I just installed a new version of the free vtune profiler from intel. Its not recognizing my ultra-amazing new chip, so only doing usermode sampling, but nonetheless it draws pretty flame charts like this:

Before I optimised

This is showing the code inside that 30-turn pre-game processing called PreCalcCoreSimulation. Lots of stuff goes on, but what I immediately noticed was all this atof stuff. Omgz. Thats a low level c runtime function, not one of mine, and it seems to be slowing down everything.
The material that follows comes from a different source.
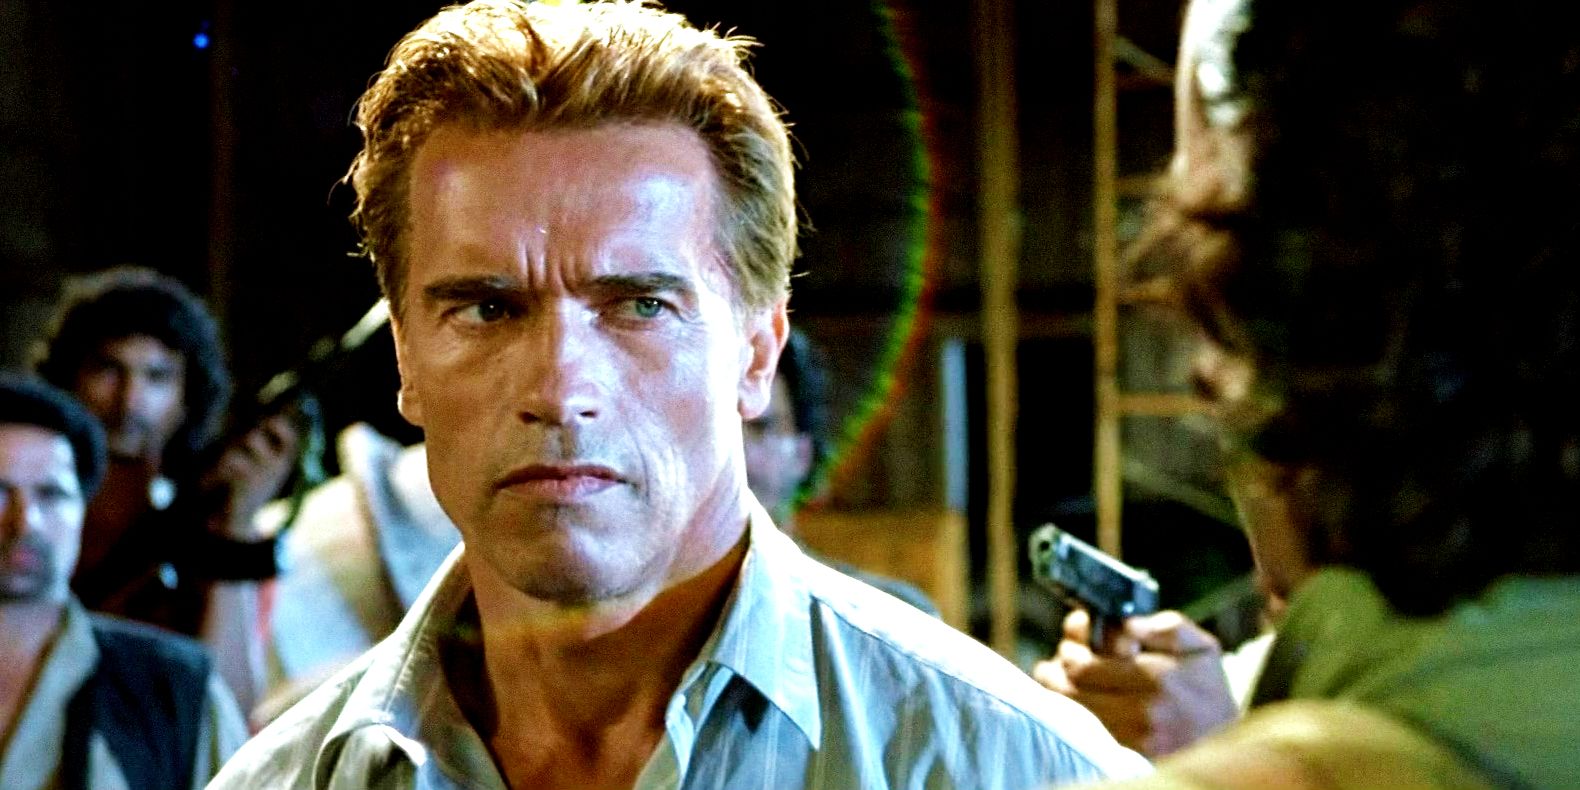 Arnold Schwarzenegger as Harry Tasker with gun pointed at him in True Lies movie
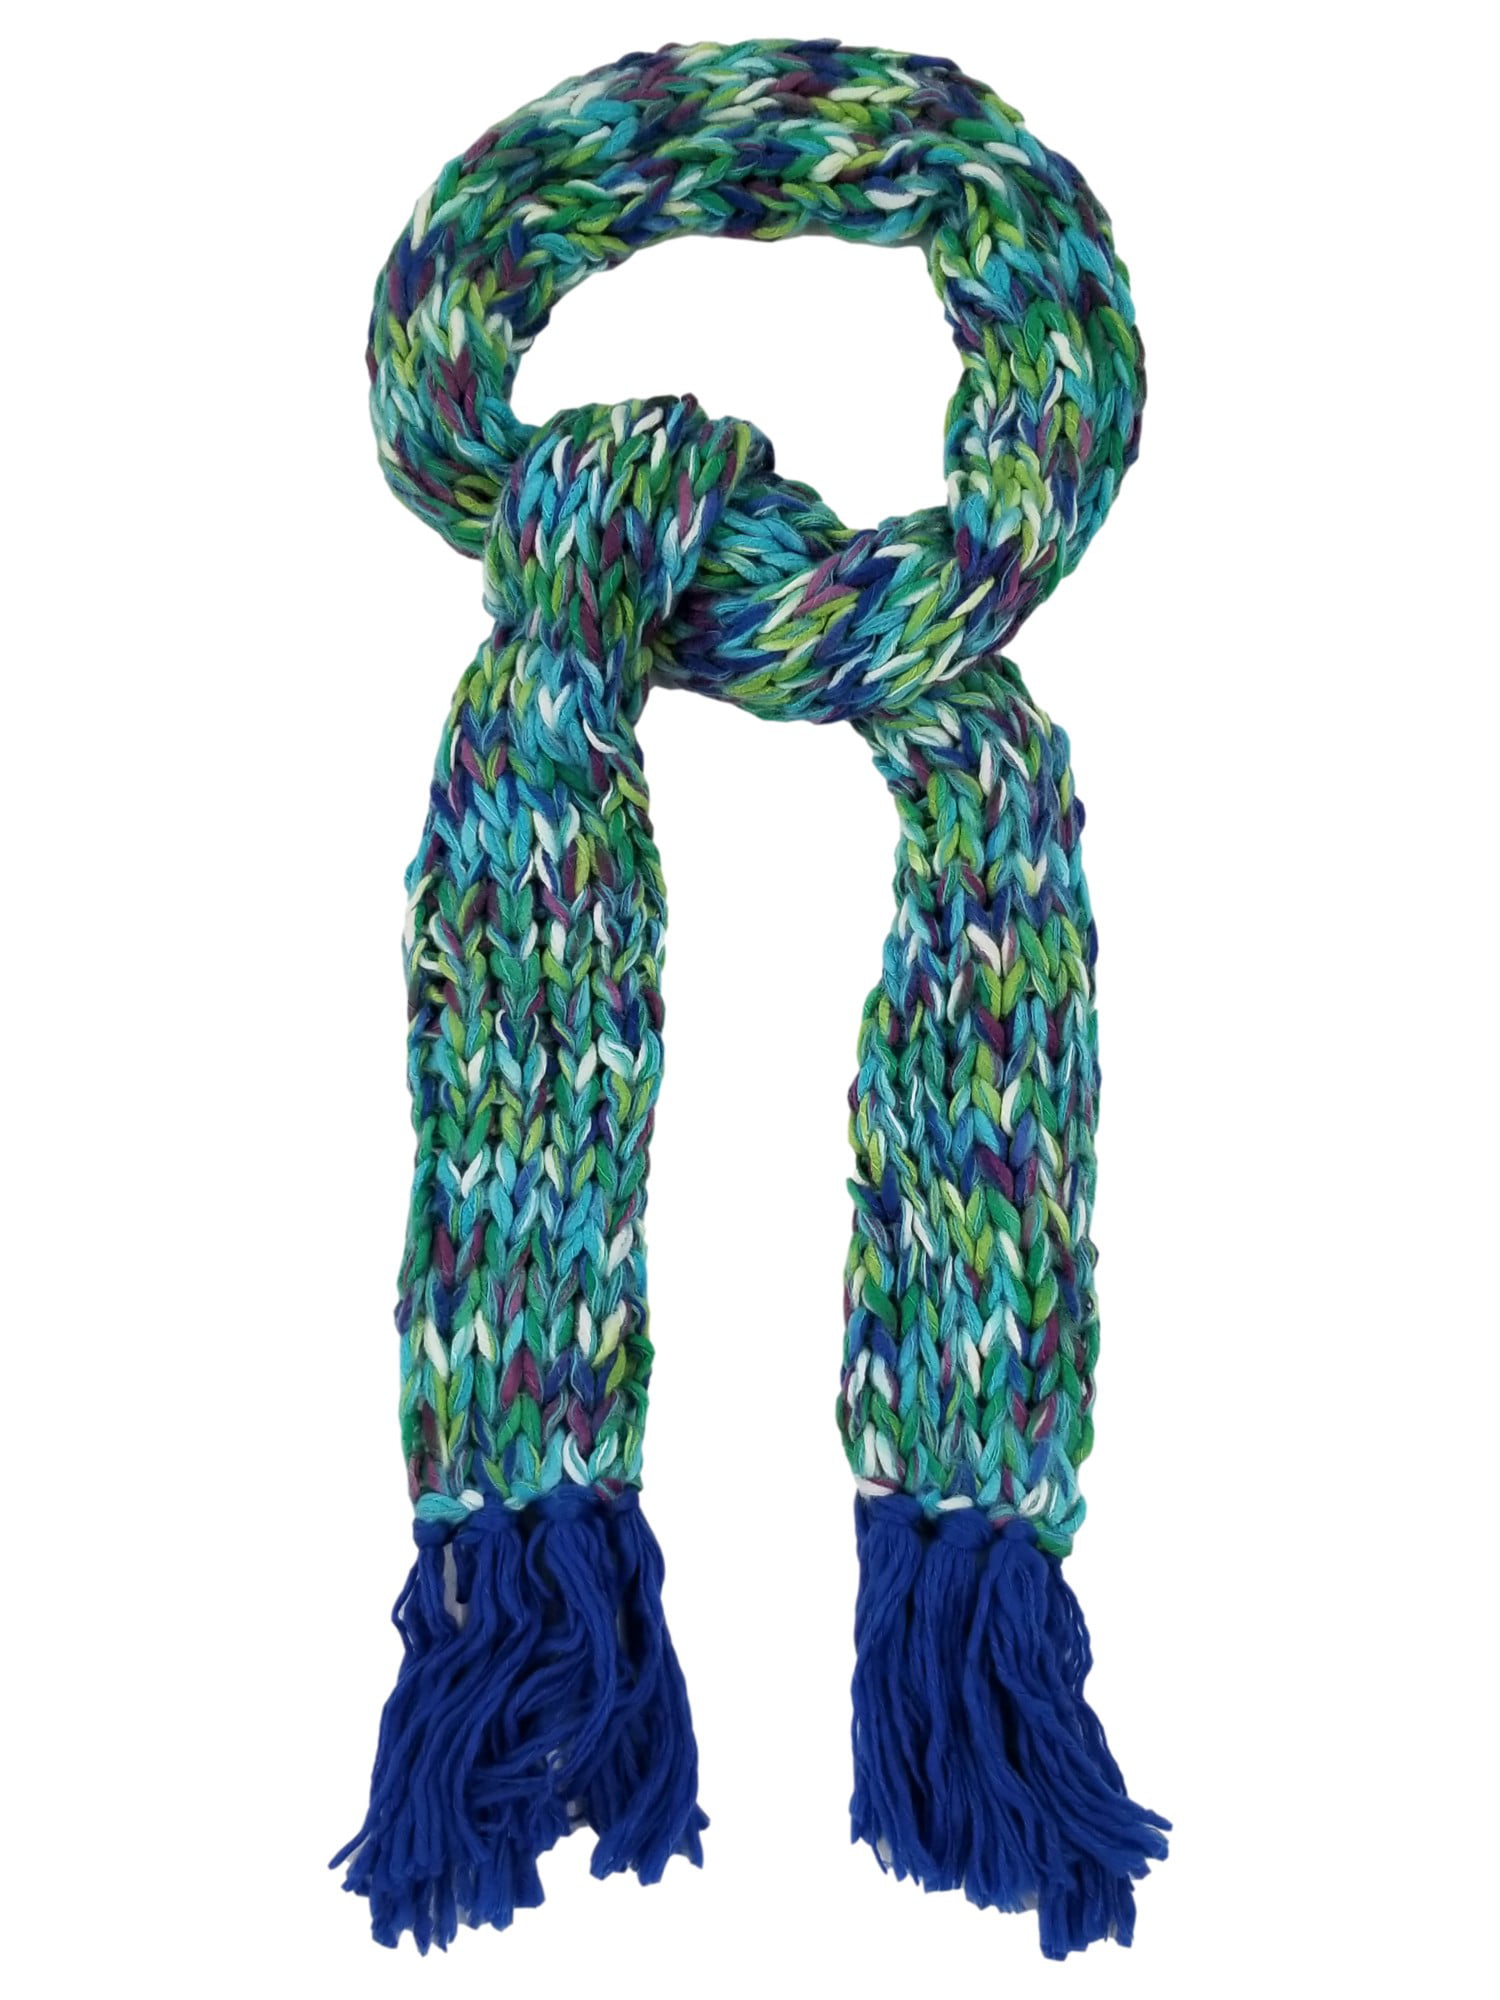 Colorful fun scarf

This is a HUGE chunk of the whole equation processing code. How is this possible?

Now, you may think ‘dude, atof is pretty standard. No way are you are going to be able to make that code faster’, to which I reply ‘dude, obviously not. But the fastest code is code that never runs.’.

All those calls to atof are absolute nonsense.

Looking back at the equation above (OilPrice,0+(0.22*x)*GDP) there is obviously some stuff in there which is volatile. I do not know what the current value of x or GDP is, so I will need to grab their pointers and query them when I process the equation, but the rest of that stuff is static. That * is going to remain * and that 0 and 0.22 will remain fixed too. This is the key to a roughly 33% speedup of the whole processing in the game.

I actually did know to look into this, and I do not do manual text parsing of the equation each time. I parse them equation on startup, and stick the various values into buckets, so I am not wasting time each turn. But one thing I had not done is store the atof() outcomes. I was still storing variables[0] as ‘0’ instead of just 0.

Now you may think atof is fast. Its fast enough for most cases, but its WAY slower than just accessing the value of a floating point number thats already in RAM, and cached happily in the equation processor itself. Here is the new diagram:

Faster!

The difference is, (on my superfast PC), for the whole precalc simulation function: 0.85 vs 1.50 seconds. This probably makes me sound pedantic as hell, but I’m rocking some stupidly new and pricey PC, so there are likely people playing D4 on laptops a fifth the speed. I might be knocking a whole 3 seconds off the new game time for some players!

Also, and worth remembering, I just saved doing a ton of processing, which means a ton of CPU time, power and heat. If you can make your game run more quietly, more coolly, and faster on players PCs, you absolutely should do it.